I have Hetheringtons book. You can also download it and listen to it.History of the Westminster Assembly of Divines


----------



## Scott Bushey (Jul 19, 2005)

> _Originally posted by RAS_
> Scott-
> How do we respond to those who are independent and "reformed" that say they affirm connectionalism through the visible working together with other likeminded churches, but deny that there is to be any constitutional connectionalism?



Are they _truly_ reformed? This type of thinking is not. 
_ Visibly_ "working together" is not the same thing as being connected governmentally. 




> I am personally familiar with a local situation like this and when I questioned it it was implied that connectionalism is to be a voluntary practice between administratively independent churches and that this was the model of the Puritans in New England. This was stated in opposition to complete independency and presbyterianism.



Exactly, and in that, the Puritans were erring.

[Edited on 7-19-2005 by Scott Bushey]


----------



## Myshkin (Jul 19, 2005)

Scott-
I agree with everything you said, I was just wondering how we answer them. The discusssion I had in my situation seemed to hinge on who controlled/defined the word "connectionalism" properly/biblically.

Also, was this one of the reasons for the disappearance of the puritans. Did their view on this lead to their absence, or was it mostly other factors?

And how should we view those today who hold this form of independency? I suppose calling them a schismatic to their face would not be out of order?


----------



## C. Matthew McMahon (Jul 19, 2005)

> _Originally posted by puritancovenanter_
> I have Hetheringtons book. You can also download it and listen to it.History of the Westminster Assembly of Divines



You can also buy it soon here:

http://www.puritanpublications.com/Books/HistoryWestminster.htm


----------



## WrittenFromUtopia (Jul 19, 2005)




----------



## C. Matthew McMahon (Jul 19, 2005)

> Also, was this one of the reasons for the disappearance of the puritans. Did their view on this lead to their absence, or was it mostly other factors?



Other factors by the "name" Oliver Cromwell. Go figure - the Puritans at the Westminster Assembly vote IN Presbyterianism to follow "the best Reformed Churches." So, at the time, the best Reformed Churches were Presbyterian (such as the Scottish Covenanter's). Then, AFTER they finalize the church governmental structure of England, Ireland and Scotland, Cromwell, the Independent, waltzes in with the ARMY and by CIVIL power oppresses the Assembly's and Parliament's decision. So, Independency is advocated - you can hear Thomas Goodwin and Phillip Nye give a huge sigh of relief.

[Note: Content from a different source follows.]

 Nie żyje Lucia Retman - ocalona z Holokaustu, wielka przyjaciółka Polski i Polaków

> And how should we view those today who hold this form of independency? I suppose calling them a schismatic to their face would not be out of order?

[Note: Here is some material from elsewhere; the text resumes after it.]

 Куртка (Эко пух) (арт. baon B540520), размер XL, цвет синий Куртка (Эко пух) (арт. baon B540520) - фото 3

We should view them in the same way the Assembly viewed them. 
Schismatic.

It was, of course, called "The Grand Debate" at that time because it was so volatile. The Independents knew 1) they were losing, and 2) if they lost the debates it would be the end of Independecy for the island, and for others following them.

Anyone who takes time to read any of the articles of that debate (from either side) will see the precision and importance of the question at hand for ministerial succession and the lawfulness or unlawfulness of independency. After reading jus divinum, it doth rest the case throughly. It is an amazing work.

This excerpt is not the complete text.